The fact is, that Martin Barton was perplexed. The letter began thus: “Dear sir, I am sorry to inform you of the death of ——,” he had got so far when Jenny Hart, true as steel to her business, no sooner had said, “What is the matter?” than she turned to a customer who wanted black silk stockings. “Mr. Martin Barton, said she, please to show this gentleman the best black silk stockings—here is a pin, stick it in the place where you left off.” (Jenny Hart used to do so when reading a book.)
Martin Barton stuck in the pin, laid down the letter, and sold the stockings, while the gentleman was eyeing the pretty shop-girl. Archy Campbell could have knocked him down; and Ira Elkado was well pleased to see his rival vexed. Jenny Hart was indifferent to all this; turning to Mrs. Martin Barton with, “some ladies’ gloves wanting—here, stick a pin in the letter where you leave off; the gloves are twenty-five cents, you know, Mrs. Martin Barton.”
“Archy Campbell,” said she, one day, “why did you look so angrily at the gentleman who gave me the bunch of flowers yesterday? It was not like you; and it gave me great pain; you will drive customers away if you behave so rudely to them.”
“You know well enough, Jenny Hart, why I looked angrily; and there sits Ira Elkado, who knows it too”—
“Carpet binding by the gross?”
“Yes, sir. Archy Campbell, show the best carpet binding,” said the indefatigable Jenny Hart; never waiting to hear why Archy Campbell looked so mad at the customer.
It certainly was a great relief to them all, when the shop closed at sundown. Every one felt it a blessing but Ira Elkado; it cut him off from two or three hours of gazing at Jenny Hart, and in regaling himself with the thoughts of conquering this hard hearted gipsy, as he always called her. He lay awake for hours, very often, in trying to perfect some plan by which he could get admittance to her during the evening; but it never came to any thing. He was one of those kind of persons whose imaginations are fertile enough; but with physical capacities so entirely different, that a life is spent, or dawdled away, without any benefit to themselves or others. Had Ira Elkado been as brisk in his motions as he was in his mind, the shop and Jenny Hart might have been his long ago; but her good genius preserved her from a hard fate. Hard it would have been; for Ira Elkado never ended one of his aspiring soliloquies without grinding his teeth and promising himself great satisfaction in scourging her, after marriage, as she had scourged him before. Poor Jenny Hart did not mean to scourge him; it was her way of managing people. She was shrewd, and treated them according to their merits; but she was never unjust.
As soon as the shop was shut, and she had presided at the tea-table, (for in the old fashioned way, the clerks always lived in the house, and ate at the table, one after the other,) she assisted Martin Barton and Archy Campbell in counting the money of the day; and it was a job. But by the judicious mode of keeping the different money apart; and, oh, how she rated the poor clerk, in whose box a sixpence was found in the shilling department—much time was saved. Martin Barton and his wife, good souls, went tired to bed, as soon as this was over; and then came Jenny Hart’s holiday: then was the time to see her. Talk of her beauty and musical voice; her bounding spirit and her grace of motion, behind the counter; what was all that to the seeing her up in Mrs. Armstrong’s room, with the twin sisters! Then her joyous spirit relaxed; tape, bobbin, buttons, money, marketing, bank stock, rents—for Jenny managed all the money concerns; and Martin Barton was now immensely rich—then all was combed out of her head with the first brush that was put to her fine glossy hair.
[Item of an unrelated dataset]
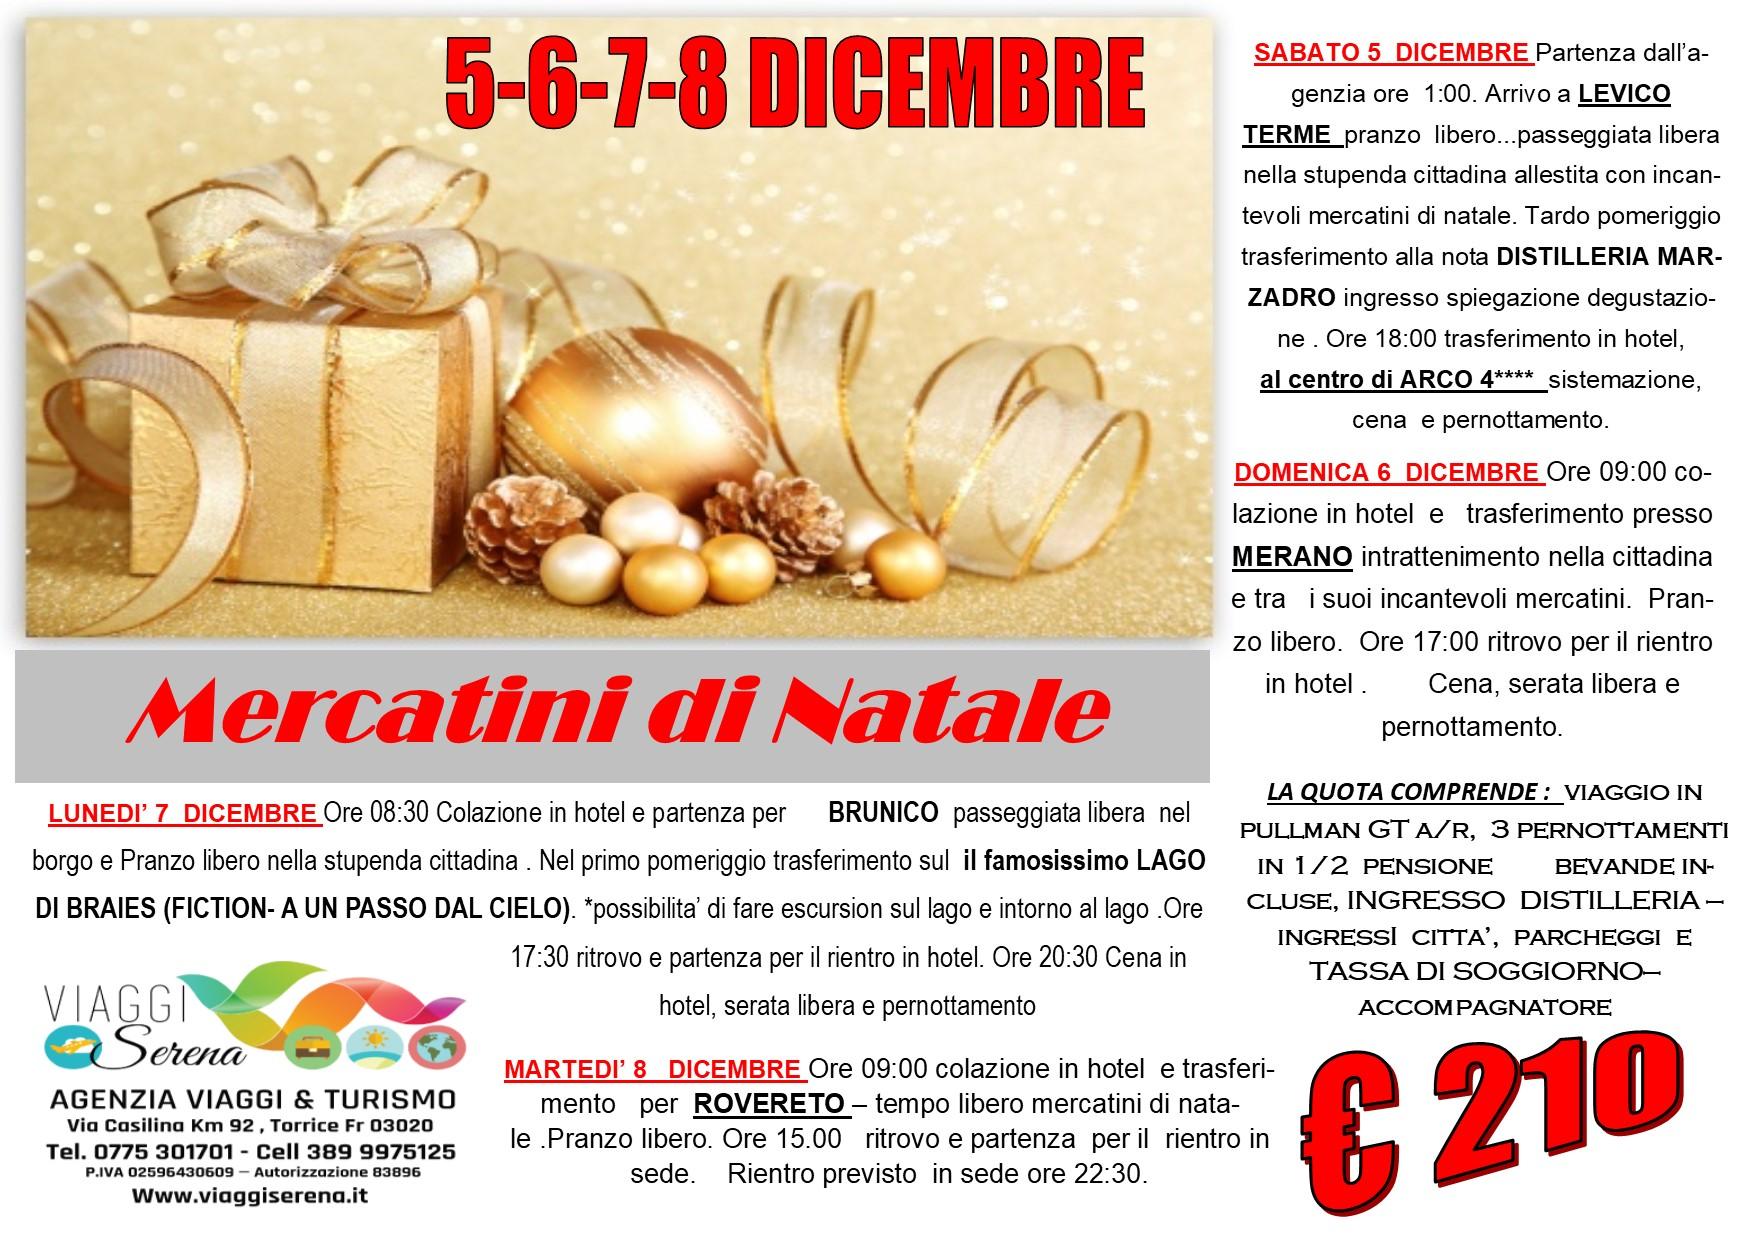 Viaggi di Natale:  Merano, Levico Terme , Rovereto , Brunico & Lago di Braies 5-6-7-8 Dicembre  € 210,00

It was the signal for fun and frolic, when her light step was heard bounding up the narrow stairs; and there stood the two girls ready to snatch the first kiss, and to say the first word. From the time they could hold the brush, they coveted the pleasure of combing and brushing her hair; and the poor thing was generally so tired that she was really glad when they were old enough to do it properly for her. So up she came, and down she sat on the sofa; and a world of things had she to hear from the two innocent girls; and then came the rummaging of her apron pockets and her ample basket; and then came Mrs. Armstrong, with her account of the progress of her pupils.
“Oh, such sweet walks as we have, dear Jenny Hart. Why can you not sometimes go with us? it would do you so much good,” said Rona, a beautiful black eyed girl; “you must go with us to-morrow.”